Peter knew the reason for full armor. Wonder Woman was in self-preservation mode against neighbors who go boom in the night.
Abby didn’t sense the anxiety in her children, the quiet looks shared between the two, the glances out the windows. She was thinking about her day ahead, hoping for a call from a contact she’d made during the first day of her job, a young family looking for a home. Despite being a novice in real estate, Abby was confident she could sell to a young family. She knew the talking points: good school district, low crime, a neighborhood with a lot of parks and fun things to do in the surrounding area. She was experienced with young families herself—a pro, actually—and she felt certain she could thaw that realtor-client relationship into something personal. She’d make them feel like she was one of them and they could trust her. That’s what a good salesperson does, right? She looked at the clock.
“Let’s go wake Uncle Herb, Peter. I need to leave in twenty minutes.”
Walking down the hallway, Peter felt an unexpected and sharp longing for a house with stairs. In his old house, a flight of stairs ran up the center of the house. He remembered when his mother was pregnant with CJ. She’d have horrible back pains and often sat on the lower steps, because the stiff, upright position softened the throbbing. Peter recalled sitting next to his mother often, and she’d caress his head for what seemed like hours as they talked about the new baby or sat in a content silence. This was before Willow Creek Landing, before his father started his own business, before it stopped raining. Peter missed those stairs. The new house had a hospital wing feel, each bedroom branching off from a main corridor.

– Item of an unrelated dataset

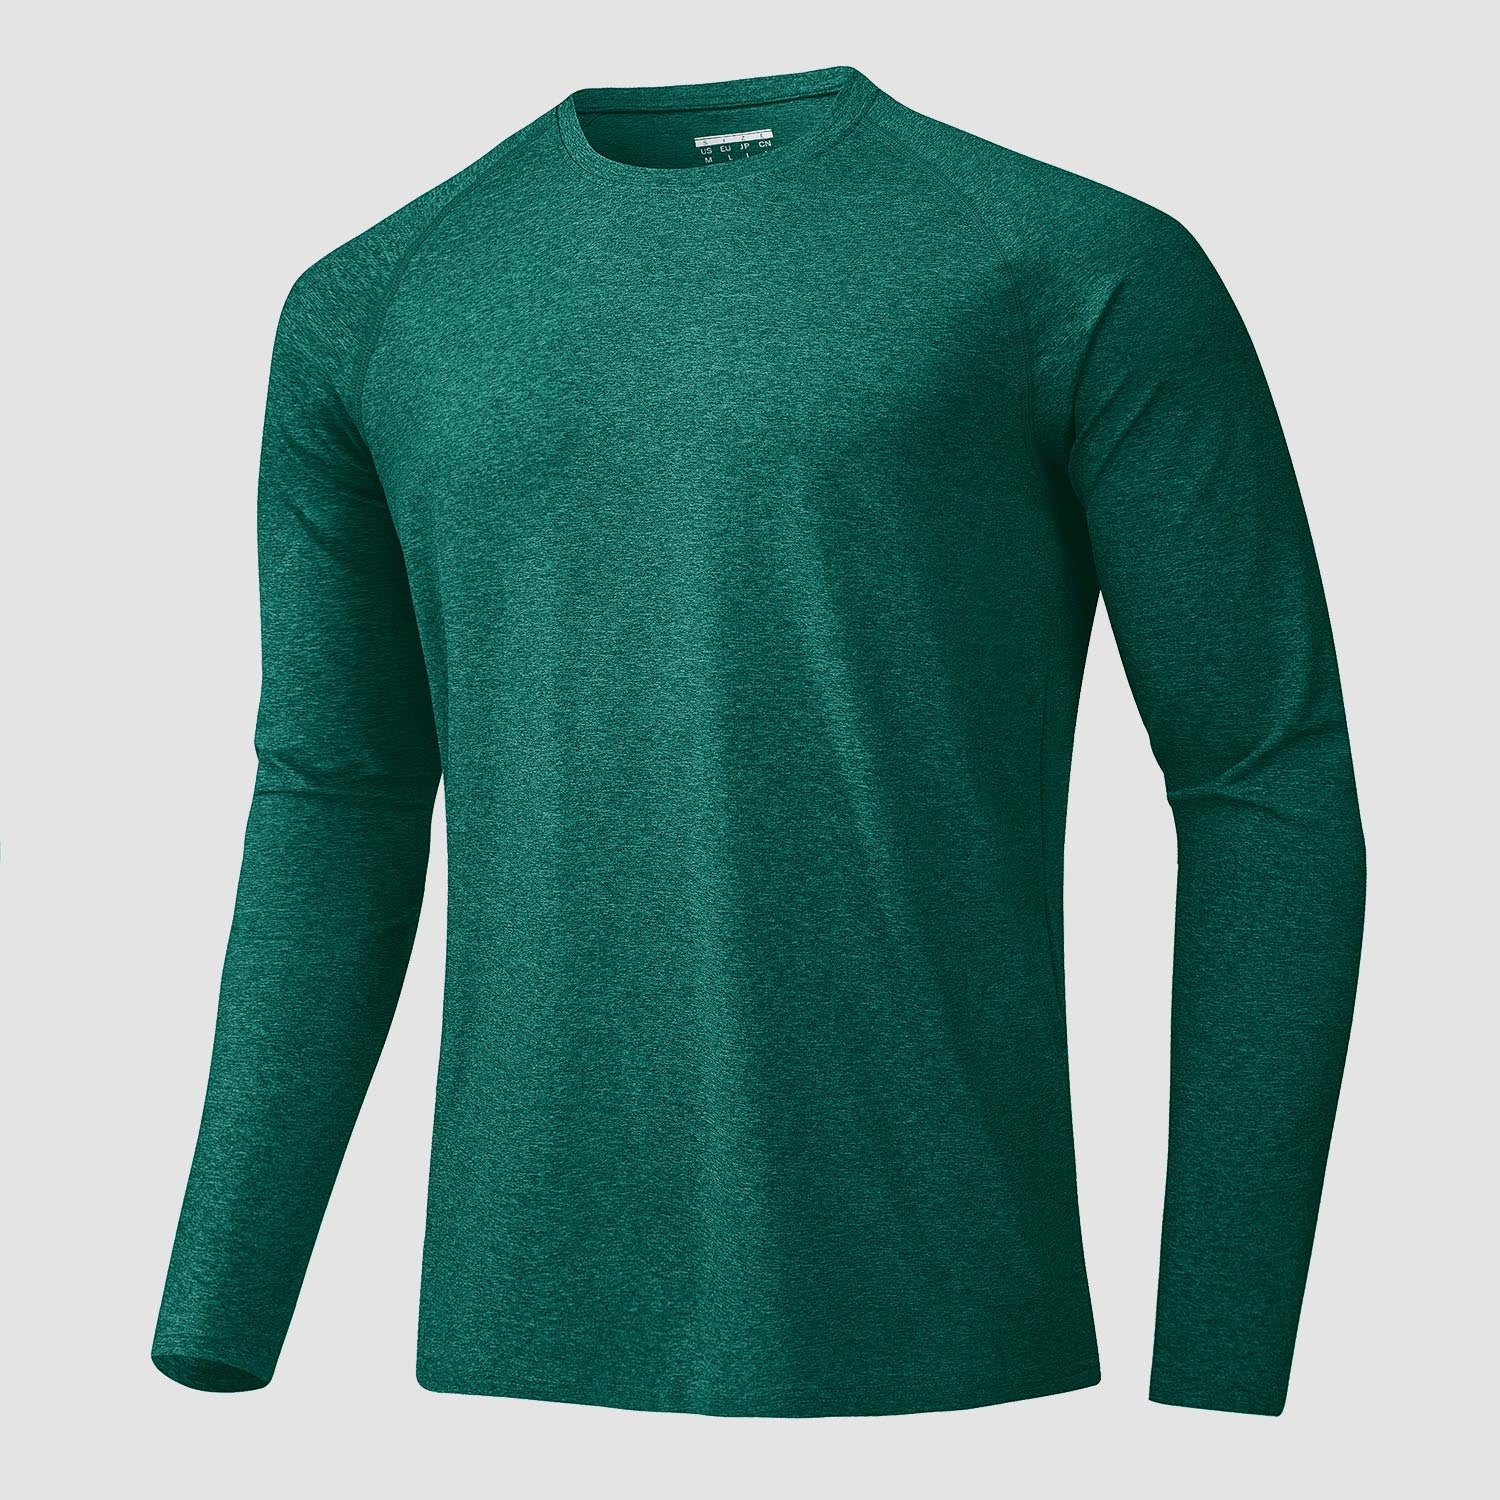 Mens UV Shirts Sun Protection Fishing Tops Outdoor Rash Guard Performance  Workout Shirts SPF Shirts For Men Running Shirts Long Sleeve Light Green

Uncle Herb’s room was the first branch down the hallway, closest to the living room. He’d been awake for a while now, and he thanked God when he heard voices growing stronger and heading toward him. Help couldn’t arrive soon enough. His bladder was about to burst, and that meant a bath his sister probably didn’t have the time or energy to give, plus an extra load of laundry. He was doing his part now by thinking about anything that didn’t involve water. “P-e-e-e,” he said, as loud as he could while maintaining bodily control, when he felt like he couldn’t go a second longer.
Abby and Peter broke into a jog. “Oh, shoot, sorry, Herb. Hurry up, Peter. Help me get him in his chair.”
Herb was thankful that Peter was experienced with lifting and moving him. Within seconds, they were in the bathroom propping Herb on the toilet.
“Boy, you really had to go bad, Uncle Herb. It sounds like a waterfall,” CJ said. She was tying her lasso to the bathroom’s doorknob. Herb smiled at her from above Peter’s forearm. CJ waved, and the door slammed shut with a tug of the lasso.
Happy that he hadn’t created more work for his sister before she left for work, Herb smiled as Peter dressed him.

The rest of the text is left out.